Das Thema „Abstandsregelung für Windkraftanlagen“ schlägt – verständlicherweise – nach wie vor hohe Wellen, auch bei uns im Sauerland. Aktuell geistern dazu verschiedene Meldungen durch die bundesweiten Medien; viele davon sind nicht korrekt.

 

Ich möchte daher die Gelegenheit nutzen, einmal drei Punkte klar zu stellen: Erstens ist derzeit noch alles im Fluss – nichts ist entschieden!

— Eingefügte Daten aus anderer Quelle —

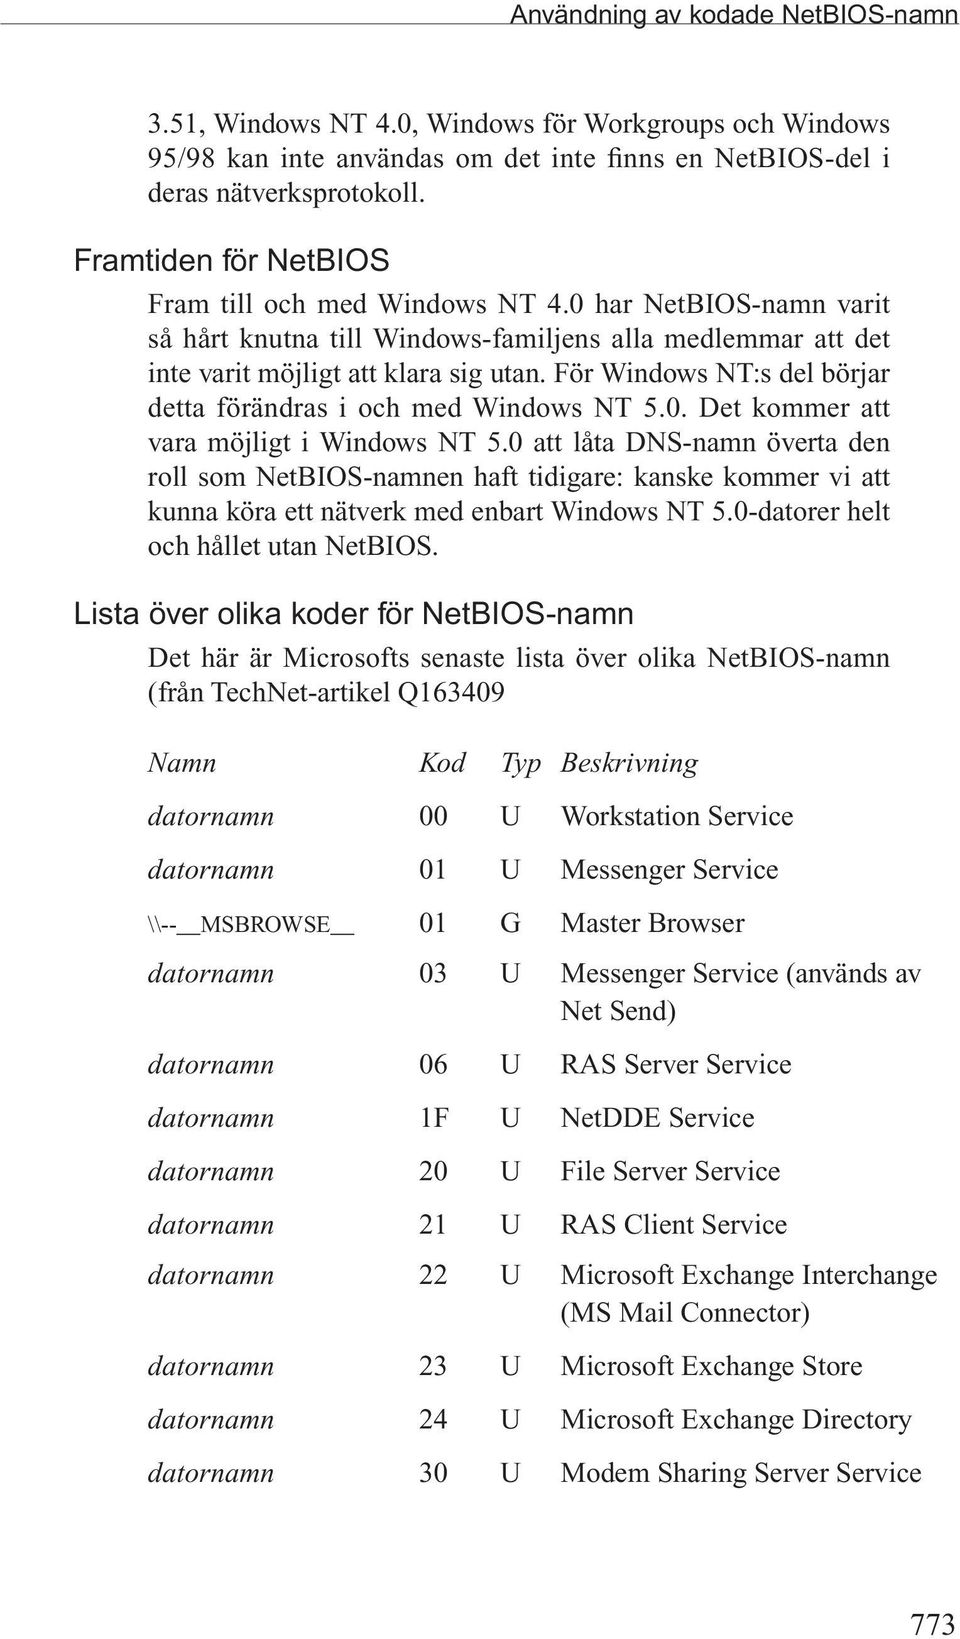 För Windows NT:s del börjar detta förändras i och med Windows NT 5.0. Det kommer att vara möjligt i Windows NT 5.

Zweitens beharrt die Union felsenfest auf einer Abstandsregelung, die sich an einem möglichst eng definierten Kernbestand an Wohnbebauung orientiert. Und drittens ist das SPD-geführte Bundesumweltministerium mit Svenja Schulze leider unverändert wenig kompromissbereit.

 

Seien Sie jedenfalls versichert, dass ich mich zusammen mit vielen, vielen weiteren Unionskollegen weiterhin entschlossen für eine vernünftige Abstandsregelung im Interesse der Bürgerschaft einsetzen werde!  

 

1,1…

…Prozent soll laut aktueller Prognose der Bundesregierung das deutsche Wirtschaftswachstum 2020 betragen. Das Jahr 2020 hat allerdings mehr Arbeitstage als 2019. Bereinigt um diesen Effekt läge das Wachstum nur bei 0,7 Prozent.